Shares of Adobe Systems (ADBE 0.01%) recently rose to an all-time high after the software company's third quarter numbers easily beat analyst expectations.

Adobe's revenue rose 24% annually to $2.29 billion, clearing estimates by $40 million. Its non-GAAP net income rose 57% to $860 million, or $1.73 per share, which topped expectations by four cents. On a GAAP basis, its net income rose 59% to $666 million, or $1.34 per share.

A graphic designer working a graphics editing program.

Image source: Getty Images.

For the fourth quarter, Adobe expects its revenue to grow 20% annually to $2.42 billion, compared to the consensus estimate of $2.41 billion.

Adobe seems like it's firing on all cylinders, but its stock already surged nearly 80% over the past 12 months. Is there still room for this stock to run, or should investors wait for a pullback?

Breaking down the key numbers

Adobe generates most of its revenue from two main businesses: the Digital Media unit, which houses its flagship Creative Cloud services; and the Digital Experience unit, which provides cloud-based marketing and analytics tools.

Adobe's Digital Media revenue rose 27% annually to $1.61 billion during the quarter. Creative Cloud revenue accounted for $1.36 billion of that total. The remaining $249 million came from its Document Cloud business. The Digital Media unit's total ARR (annualized recurring revenue) rose $339 million sequentially to $6.4 billion.

Adobe attributed that growth to subscription gains across the US, Europe, and Asia, strong momentum in emerging markets, rising app subscriptions, the retention of users upgrading from promotional to standard prices, and increased seats across the enterprise market. Adobe's Stock (stock photos), Acrobat (documents), and Sign (e-documents) software platforms also generated high double-digit sales growth.

Adobe's Digital Experience revenue grew 21% annually to $614 million. Within that total, its subscription revenue rose 25% annually. Adobe attributed that growth to the strength of its Analytics, Marketing, and Advertising Cloud products. Its Audience Manager (data management) and Campaign (marketing campaign) platforms were also standout performers.

A network of cloud computing connections.

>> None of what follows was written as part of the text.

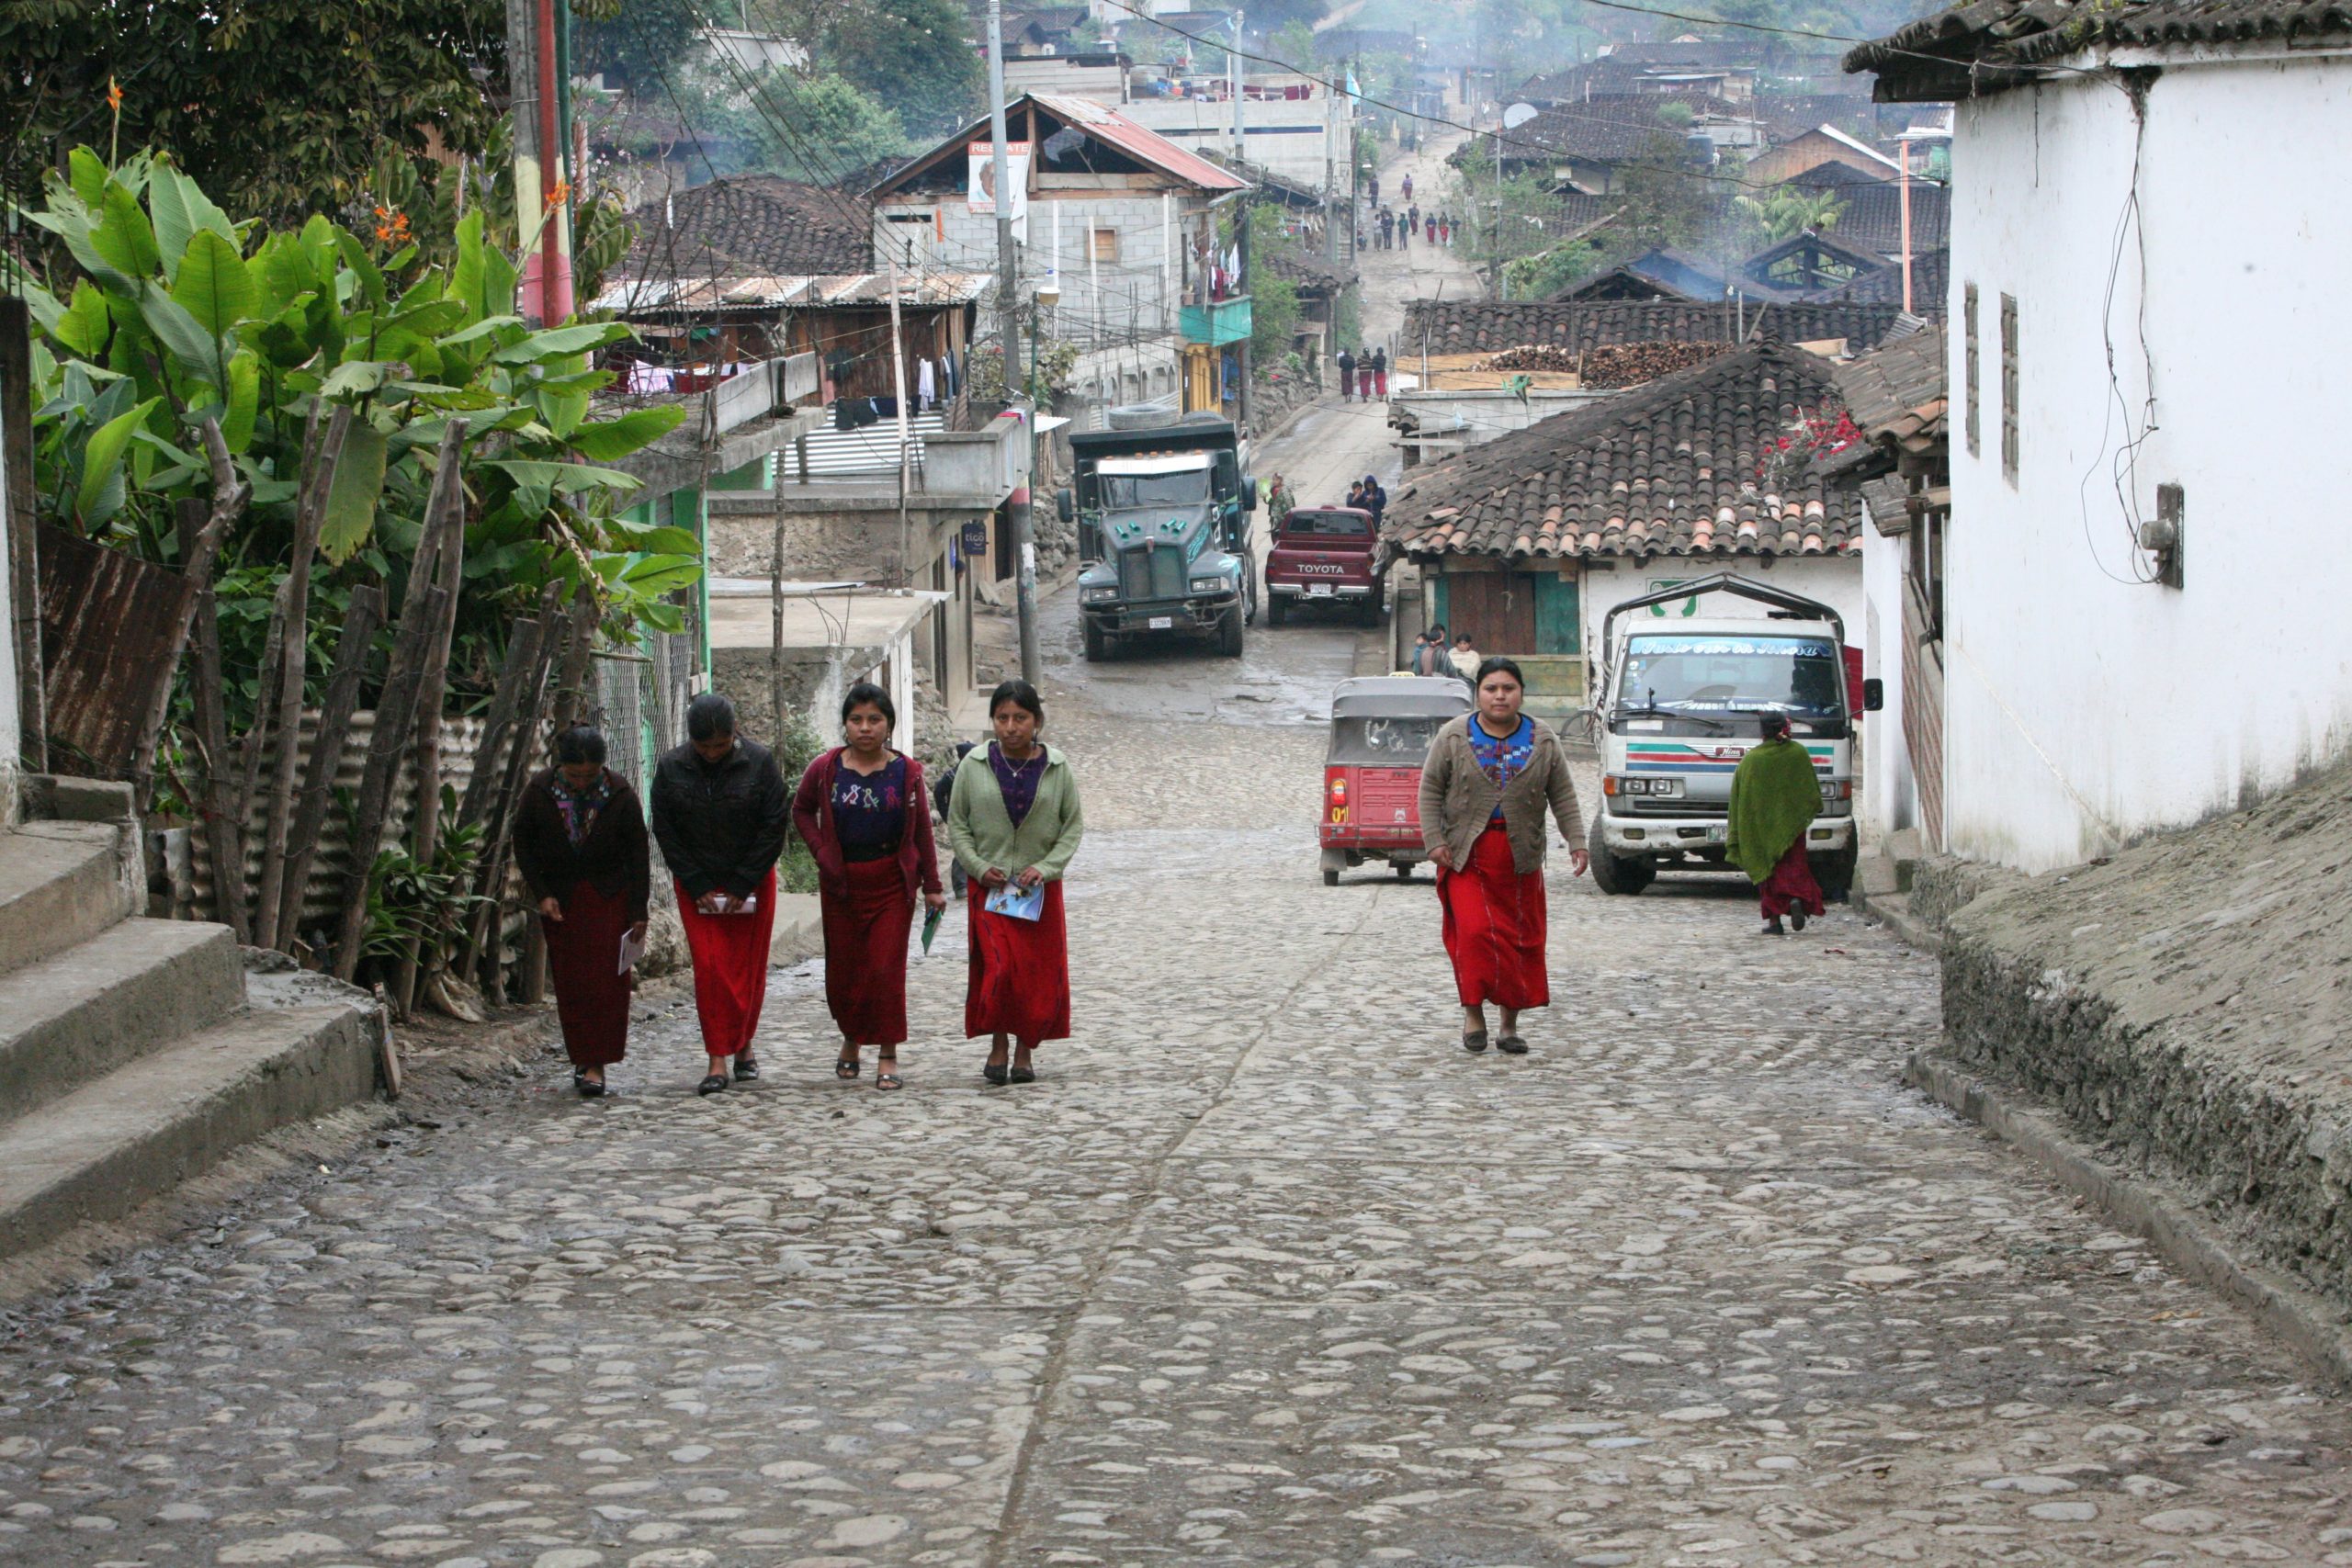 A street scene in Chajul, Guatemala, where Asociación Chajulense is located. © Sean Hawkey

Image source: Getty Images.

Adobe also noted that Magento, which it acquired earlier this year, was "off to a strong start" and generated $27 million in subscription and services revenue during the quarter. Magento is a web store that helps merchants digitize their businesses with websites, ads, payments services, analytics, and customer relationship management (CRM) services.

A recent Reuters report also claims that Adobe could purchase cloud marketing software firm Marketo to further strengthen that business. That could be bad news for Shopify (SHOP -0.99%), which competes against Magento in the fragmented web store market.

Adobe's total subscription revenue grew 29% annually during the quarter and accounted for 88% of its top line, indicating that its multi-year shift from selling licensed software to cloud-based services is paying off.

Margins and profitability

Adobe's gross and operating margins also improved significantly from the prior year quarter thanks to its transition toward higher-margin cloud subscription services:

 

Q3 2017

Q3 2018

Gross margin

85.7%

87.1%

Operating margin

29.6%

31.4%

Source: Adobe quarterly reports.

Adobe's scale also gives it superior margins compared to smaller rivals like Shopify, which has negative operating margins and remains unprofitable on a GAAP basis. Moreover, Adobe's "best in breed" reputation in the digital media market, with products like Photoshop, After Effects, and Premiere, gives it a wide moat and immense pricing power -- two advantages which many cloud service players lack.

That's why Adobe maintains higher margins than its cloud rivals like Shopify and Salesforce (CRM 0.13%), which leads the CRM market but faces tough competition from companies like Microsoft.

SHOP Operating Margin (TTM) Chart

SHOP Operating Margin (TTM) data by YCharts

Does Adobe still have room to run?

Adobe trades at 36 times forward earnings, which is a surprisingly low valuation for a high-growth cloud company. For comparison, Shopify trades at over 260 times forward earnings, and Salesforce has a forward P/E of nearly 60.

Adobe's flagship products also don't face any meaningful competition, and its expanding cloud platforms should give it plenty of room to cross-sell and up-sell new services to its locked-in customers. That strategy should help Adobe generate even stronger sales and earnings growth over the long term. Therefore, I think Adobe could still climb higher over the next few years.